(EXERCISE PROMPT)
Shown below is a listing with pictures; reproduce exactly, and only, the lines between the ones containing "Lebensmittelgeschäft Produktkategorien Symbole" and "Pijani muškarac u", inclusive, leaving the pictures out.

(STUDY MATERIAL)
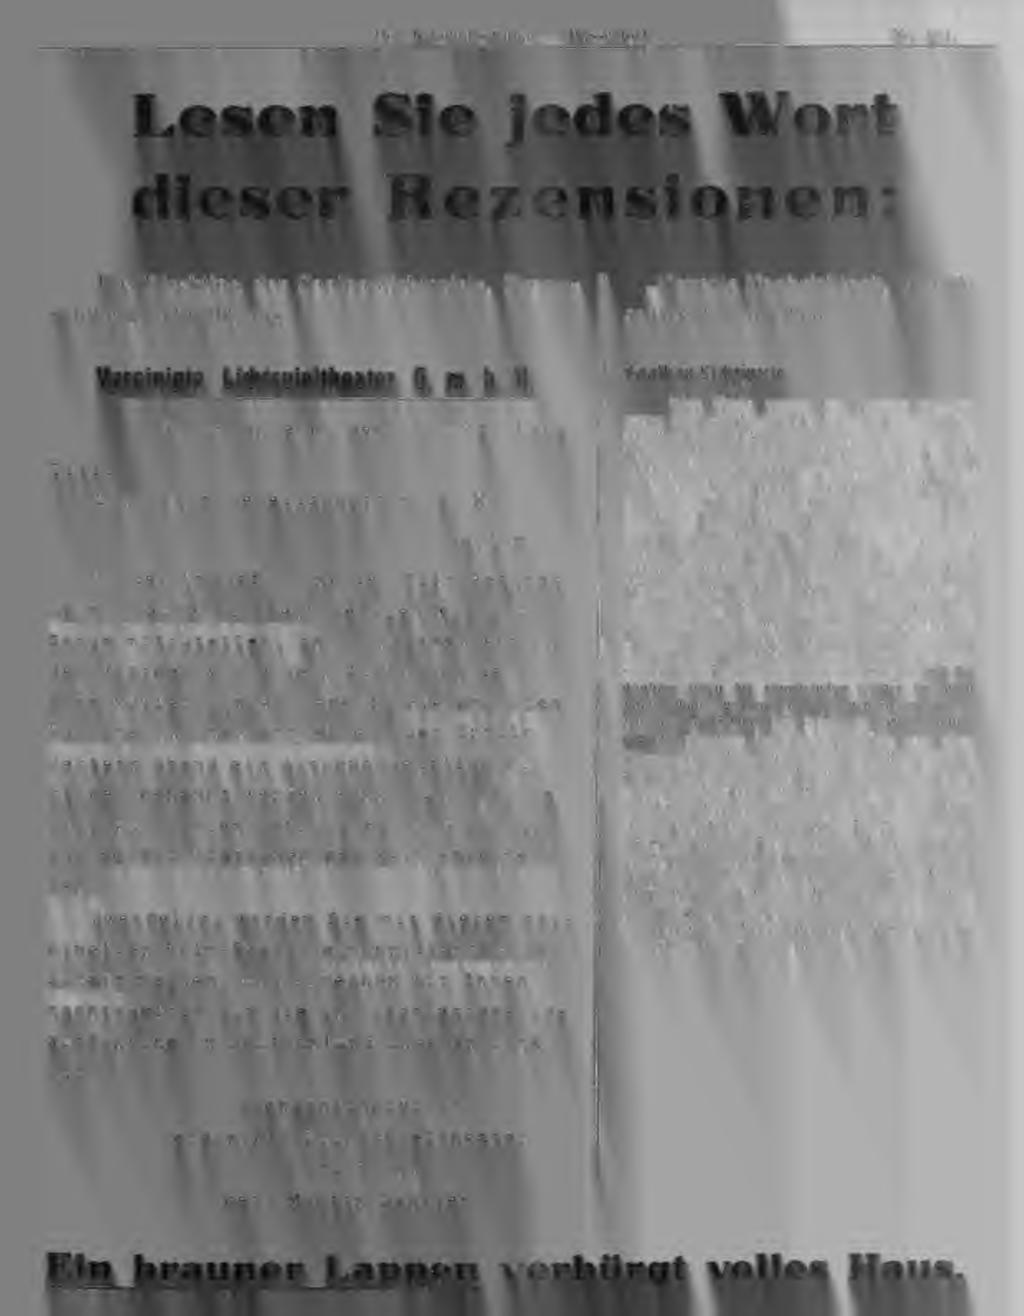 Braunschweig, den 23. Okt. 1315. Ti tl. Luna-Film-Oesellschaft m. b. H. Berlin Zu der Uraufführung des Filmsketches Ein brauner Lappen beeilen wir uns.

...

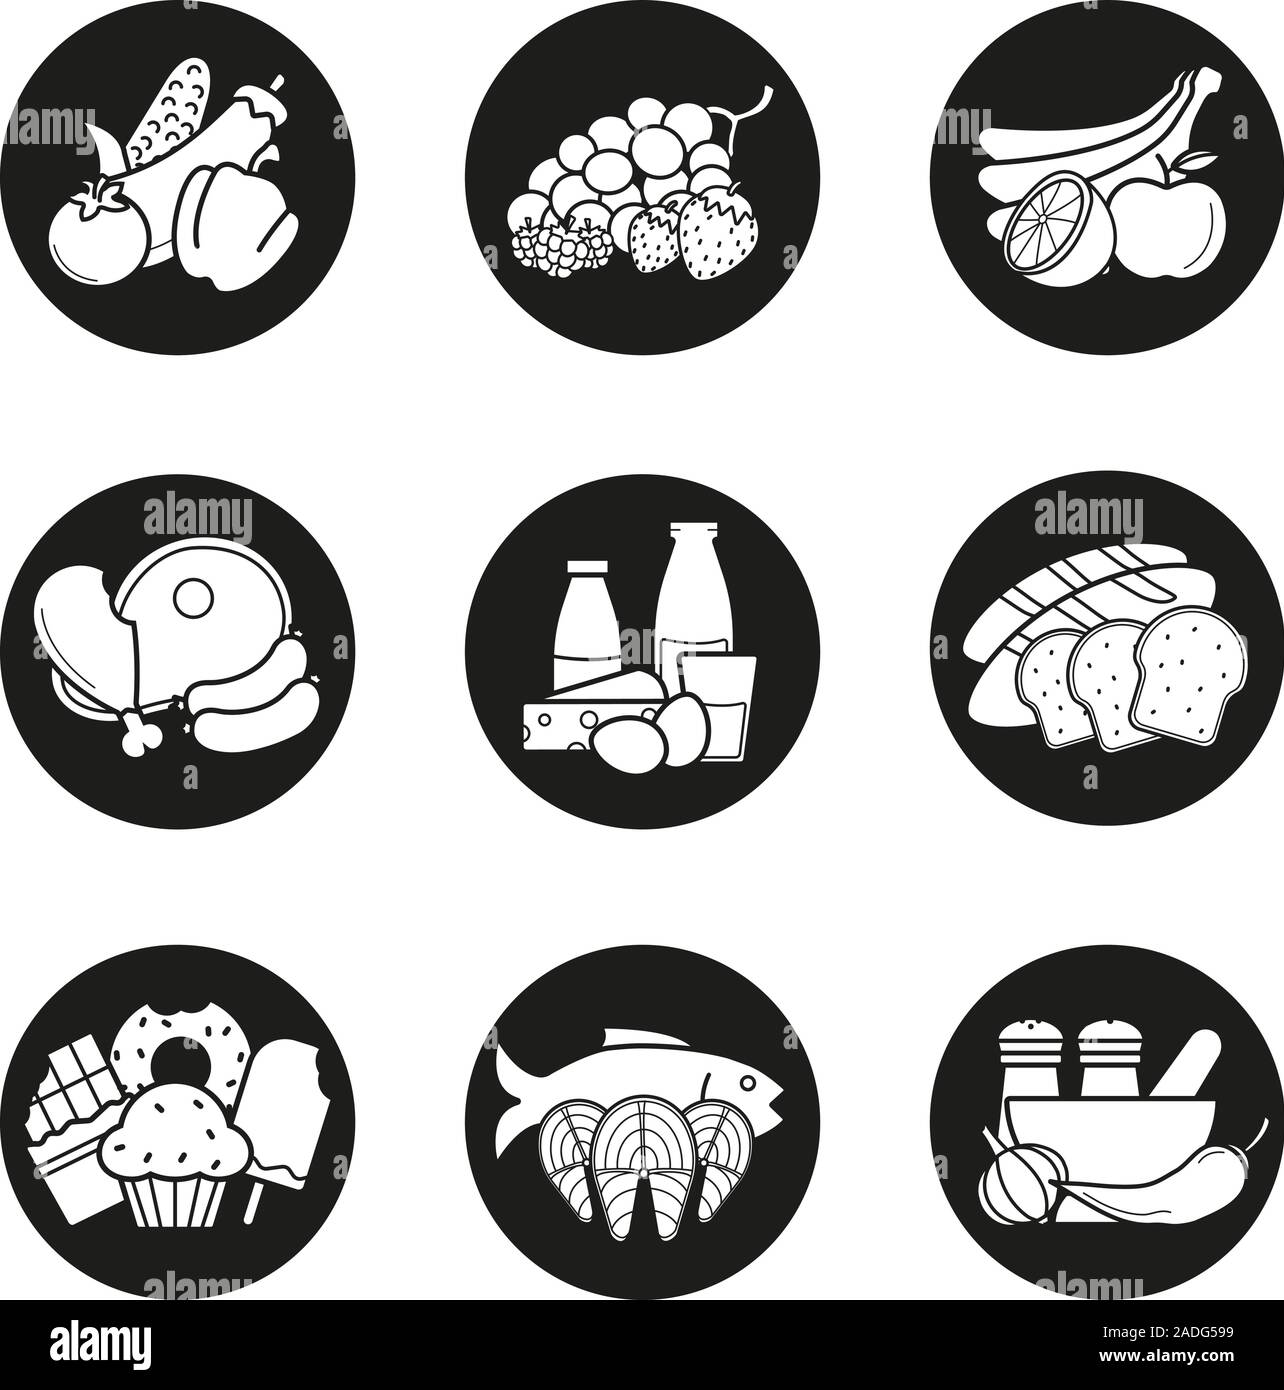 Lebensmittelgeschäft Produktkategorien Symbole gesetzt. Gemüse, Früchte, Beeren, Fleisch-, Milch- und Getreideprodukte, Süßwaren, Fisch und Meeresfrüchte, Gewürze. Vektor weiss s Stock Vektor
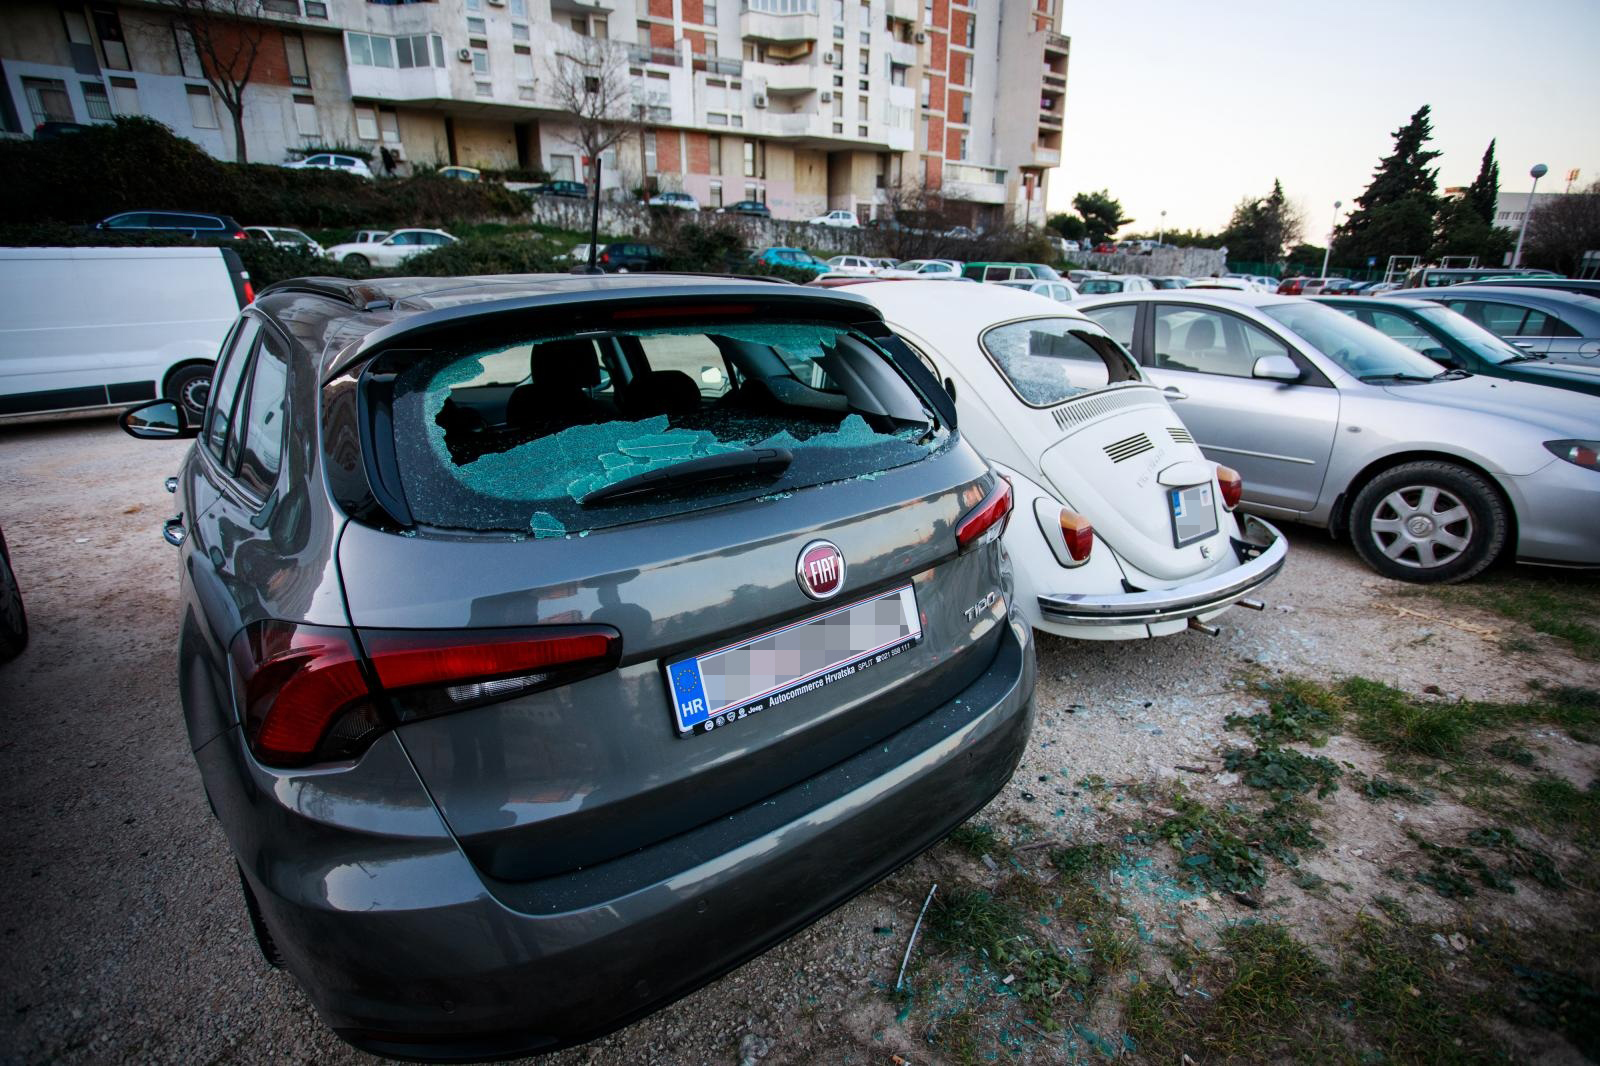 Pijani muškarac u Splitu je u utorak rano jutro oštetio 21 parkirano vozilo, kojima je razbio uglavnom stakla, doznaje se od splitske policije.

---

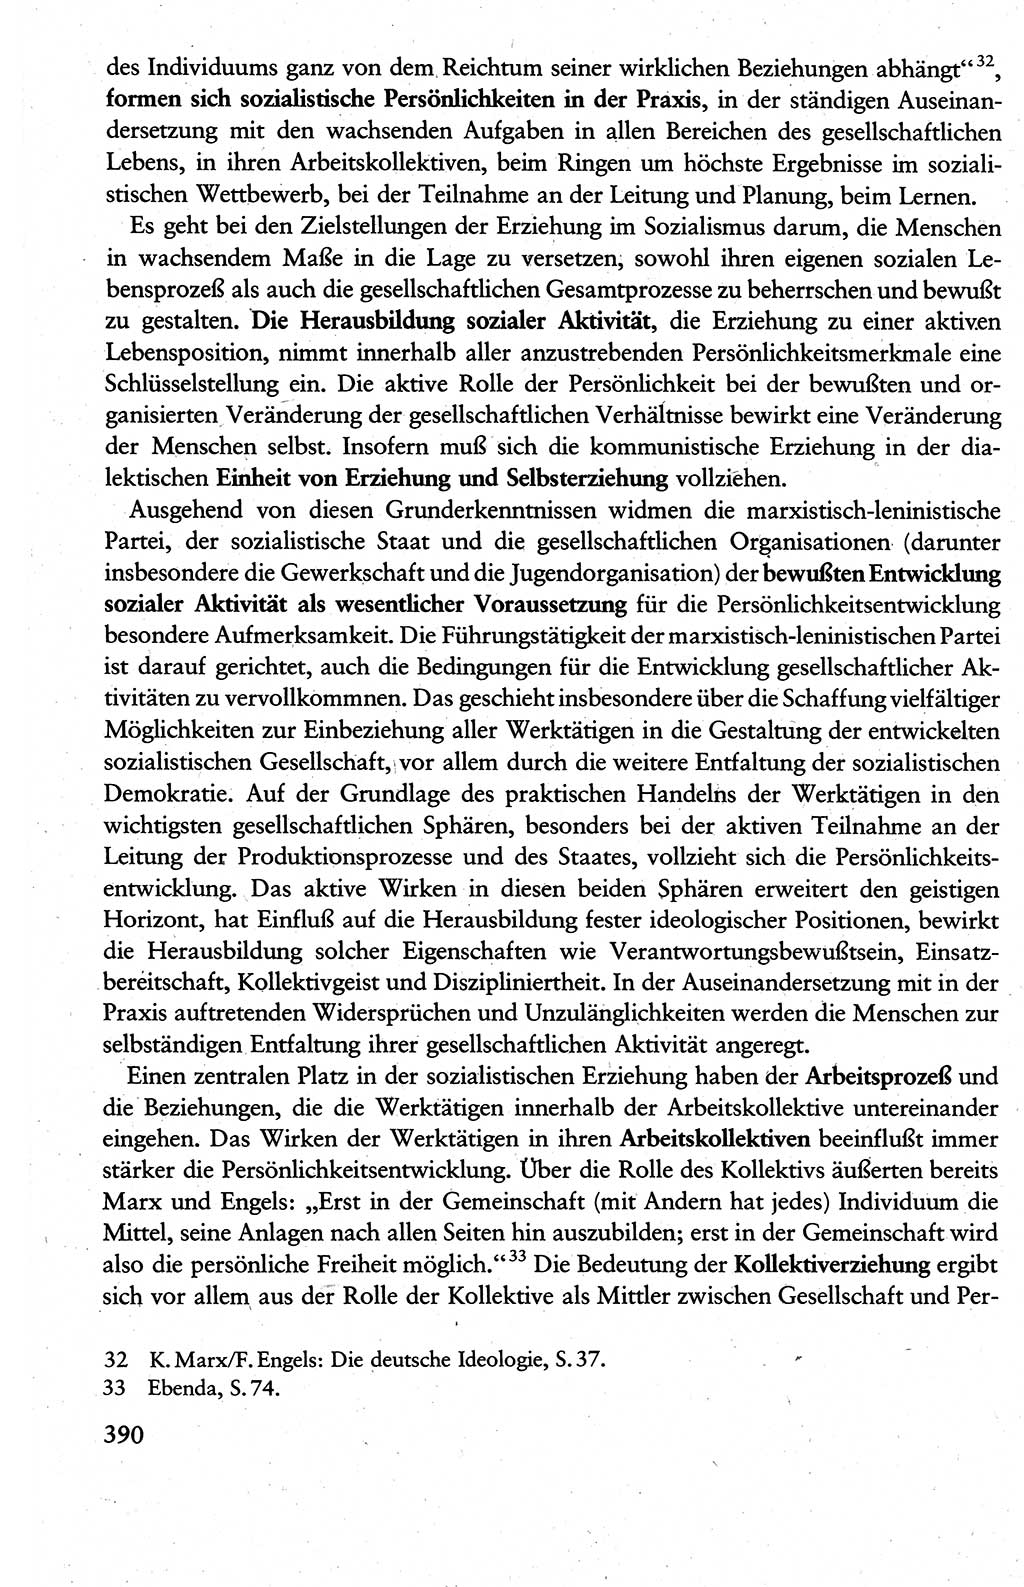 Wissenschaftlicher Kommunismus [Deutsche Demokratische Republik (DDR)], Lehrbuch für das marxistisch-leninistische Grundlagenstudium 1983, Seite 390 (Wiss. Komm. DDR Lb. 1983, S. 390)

(RESPONSE BELOW)
 Lebensmittelgeschäft Produktkategorien Symbole gesetzt. Gemüse, Früchte, Beeren, Fleisch-, Milch- und Getreideprodukte, Süßwaren, Fisch und Meeresfrüchte, Gewürze. Vektor weiss s Stock Vektor
 Pijani muškarac u Splitu je u utorak rano jutro oštetio 21 parkirano vozilo, kojima je razbio uglavnom stakla, doznaje se od splitske policije.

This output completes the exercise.